Selon Wikipédia, Elizabeth II passera sous peu au 11e rang du classement des règnes européens les plus longs. Louis XIV [1643-1715] arrive au huitième rang. Sept souverains en Asie et trois en Afrique ont régné plus longtemps qu’Elizabeth II. Le record de longévité de règne appartiendrait à Mohammed-Ainla-Lamuye au Nigéria qui a été souverain pendant plus de 89 ans.
«Ce qui est remarquable, aussi, c’est que la Reine n’a jamais perdu intérêt pendant les 70 années de son règne», note Serge Joyal. À ses yeux, celle qu’il appelle Sa Majesté est d’un dévouement exemplaire. «On pourrait penser que quelqu’un qui occupe la même responsabilité professionnelle pendant 70 ans finit par se lasser», observe-t-il.
D. Michael Jackson a croisé la reine Elizabeth II à trois reprises, alors qu’il était chef du protocole en Saskatchewan, de 1980 à 2005. Il a rencontré une personne gentille, drôle, professionnelle. «Elle est bien renseignée sur ce qu’elle fait, elle porte beaucoup d’intérêt au contexte», se rappelle-t-il.
Serge Joyal renchérit. Il l’a rencontrée deux fois, et après 25 ans, elle se souvenait de lui. «Ce n’est pas juste des poignées de main anonymes, elle qui voit des centaines et des centaines de chefs d’État, de ministres, d’ambassadeurs. Ce que je tire comme conclusion, c’est qu’elle prend un intérêt réel à sa fonction.»

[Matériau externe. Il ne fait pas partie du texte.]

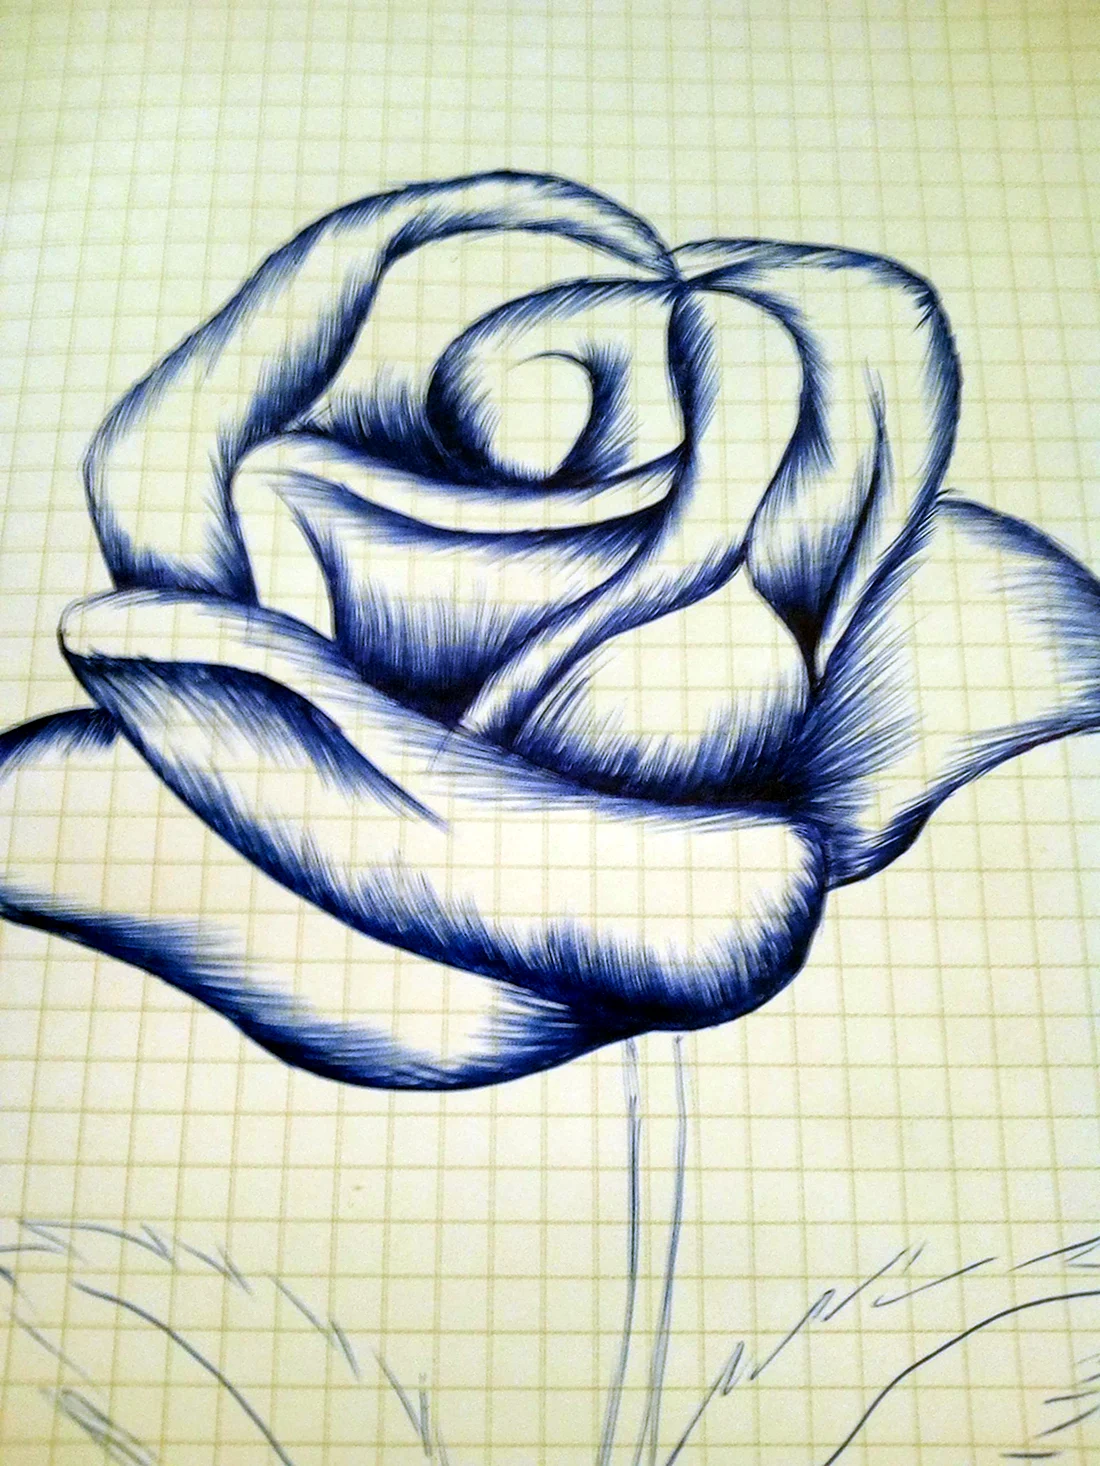 Роза рисунок простой

Les 22 visites de la reine au Canada de 1957 à 2010 ont d’ailleurs été des moments marquants pour bien des personnes, et non seulement pour les dignitaires. Le professeur de droit à l’Université d’Ottawa François Larocque se souvient que sa grand-mère parlait souvent avec émotion du passage de la reine dans le Nord ontarien en 1951. «C’était vraiment un grand moment de fierté pour tout le monde, anglophone et francophone. Il y a un attachement symbolique. Le fait qu’elle est notre chef d’État, ce n’est pas vide de sens», souligne-t-il se remémorant l’effet de cette visite qui a perduré.
Elizabeth II et les identités nationales
L’attachement envers la reine varie selon l’époque et la région. Une dizaine d’années après la tournée évoquée par François Larocque, le couple royal était à Québec pour souligner les 100 ans des conférences de Charlottetown et de Québec. En pleine Révolution tranquille, la présence de quelques centaines de manifestants a entrainé le déploiement de 4 000 soldats et policiers à Québec. Ce jour d’octobre 1964 a été surnommé le samedi de la matraque.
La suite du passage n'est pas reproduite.